Я только радовался, глядя на эту картину, радовался тому, что она, наконец — то прекратила свой истошный истеричный крик.
— А что ты рассчитывала увидеть здесь? – Спокойно и как бы сонно, спросил я.
Но девица даже не стала обращать внимание на мой вопрос, вообщем – то ответ, на который был мне и не нужен.
Тот парень, что смотрел на меня из угла глазами, полными отчаяния и злобы, хотя я не понимаю, почему именно я получил такую роль, роль абсолютного зла в сложившемся положении, метил бросить в мою сторону очередную реплику, дожидаясь, когда мое терпение лопнет, и я перейду на личности.
— А знаешь, почему ты здесь? – Спросил у девицы обросший бродяга, заселившийся в лабиринтах мертвого здания парламента, а может очередного «белого дома».
— Почему? – Девица снова разошлась, решив слезами окончательно смыть остатки «красоты».
— А тебе весело? – Злостно с желчью бросил бродяге парень из угла.
— Мне кажется, в нашем положении выбор не большой, — вместо бродяги ответил я, — либо уйти из жизни, либо воспользоваться иронией.
— А тебя вообще никто не спрашивает! – Уловив удобный момент, сказал незнакомец.
— А мне весело, — улыбаясь, немного с издевкой, ответил бродяга.
— Лучше скажи, как ты оказался здесь? — Не дожидаясь встречной реплики, спросил он. – Не похоже, чтобы ты вот так просто, бросив все, пришел сюда.
— Я, в отличие от вас всех, здесь должен был заниматься делом! – Выпалил молодой человек, — я – управленец, в прошлом еще и инженер!
Видимо, покровители, что направили его сюда, были сами в неведении, и не ожидали такой встречи своего ставленника в подобном месте.
А между тем, всё было на своих местах, только вот кости и прах разлетелись под стульями и под столом, после прикосновений девицы. Все было мертво и очень давно, судя по тому, как многолетняя пыль покрывала столы, стулья, мертвые тела. Она растилась повсюду, иногда, словно испугавшись, взметаясь вверх, отчего и без того, тусклый дневной свет рассеивался, сонно и томно ложась на мертвецов, что до сих пор заседают и будут вечно заседать, на иссохшие листы бумаги, что хранят на себе какие-то записи. Мне кажется, что все остальное столь же мертво и было мертвым всегда, что все наши записи, которые мы спешим делать на листах жизни, кажутся нам важными, пока вот так вот кто-то не посмотрит на них со стороны, а может и мы сами.

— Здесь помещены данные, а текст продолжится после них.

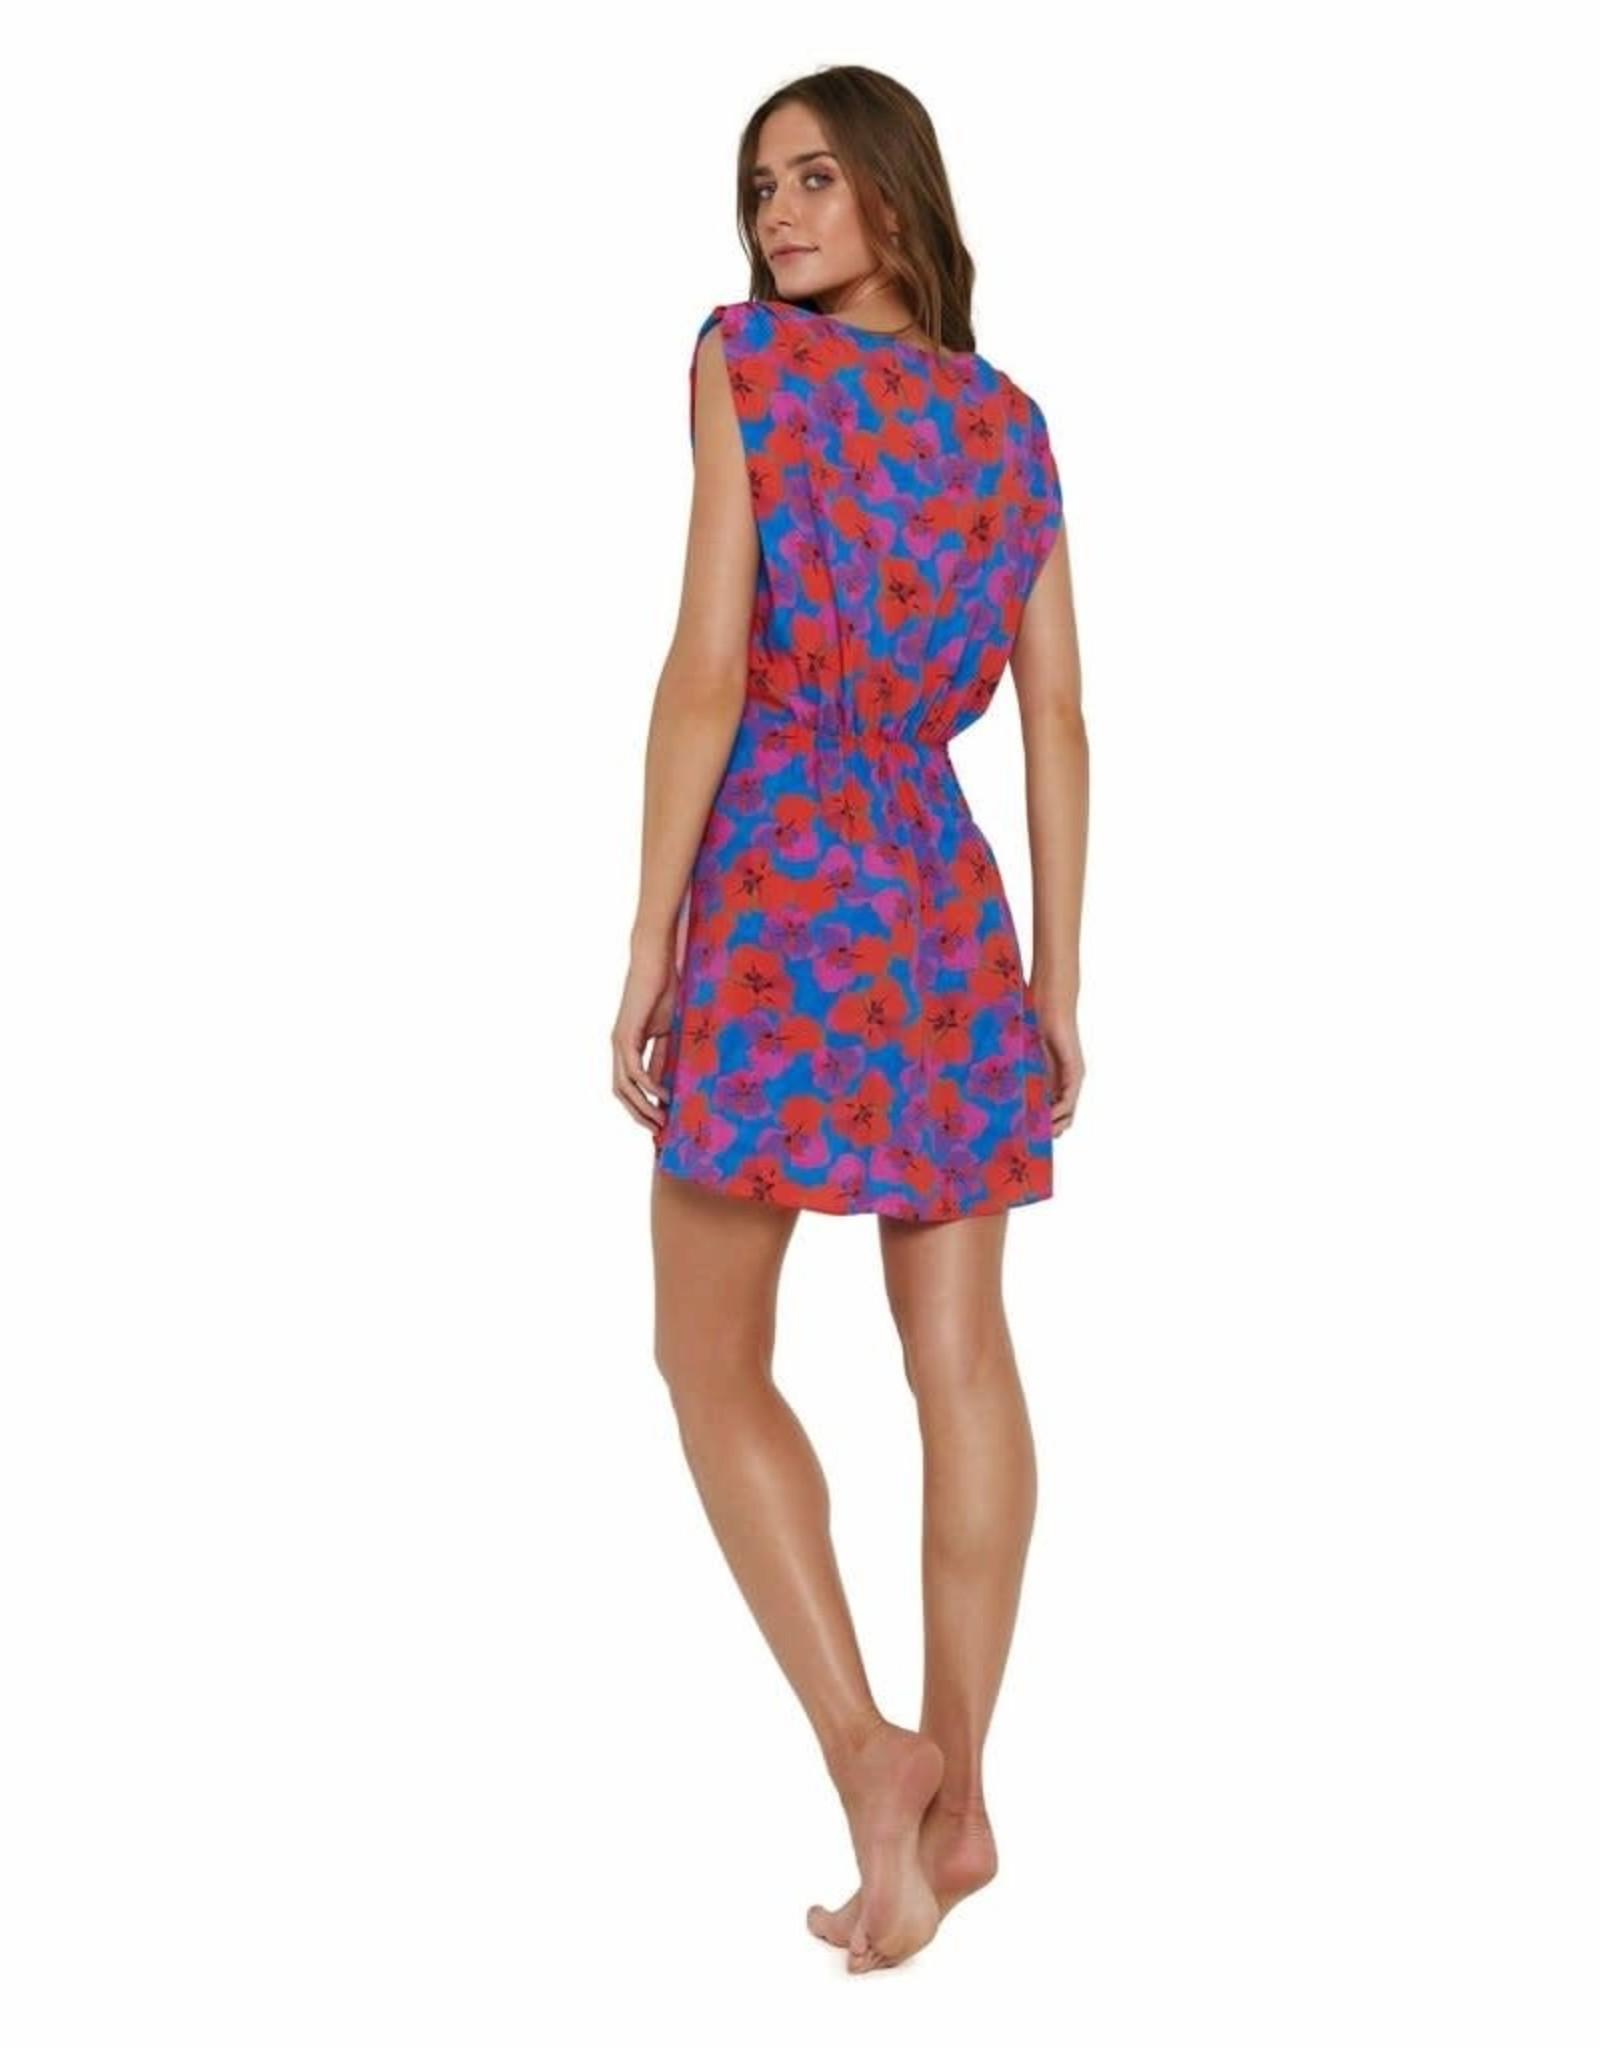 Vix Mabel Gisele Short Caftan Dress

— Машина. Программа. – Бродяга вылез из своих картонных стен, сделанных из старых коробков, — все идет на автомате. Я вот тоже оказался здесь случайно, я скрывался, попал сюда, когда меня сцапали служители закона на суд, а суда то не было, в зале так же все мертво, те же сухие трупы, скелеты, вот я и живу теперь здесь. А все из-за маленькой вредоносной программки. – Он засмеялся, — а вот он, — странный жилец показал на меня, — просто, в одночасье, вышел из общего ритма, перестал все делать на автомате, а ты, — его взгляд перешел на инженера, — слишком серьезно все воспринимаешь, но вот гнался ты за карьерой, гнался, а в итоге…, смотри на пол, — он пнул горсть костей, это вот такие как ты, а вот такие как эта…, — бродяга посмотрел на стонущую девицу. – Программа все идет и идет, работает себе, она же машина, она создает нас всех, не физически.
— Машина – идеолог, — усмехнулся я.
Внезапно, кусок стекла полетел в мою сторону. Не сумев сдержать порывы гнева, молодой человек, бросил в меня то, что попалось ему под руку. Я увернулся, толкнув вперед стул, который полетел в агрессора.
— Меня никто не создавал! – Закричал он, — я – личность, я – индивидуальность!
— А что скажет мадмуазель? – С иронией, спросил я.
— Я ничего не знаю и ничего не понимаю, её голос звучал тихо и безразлично.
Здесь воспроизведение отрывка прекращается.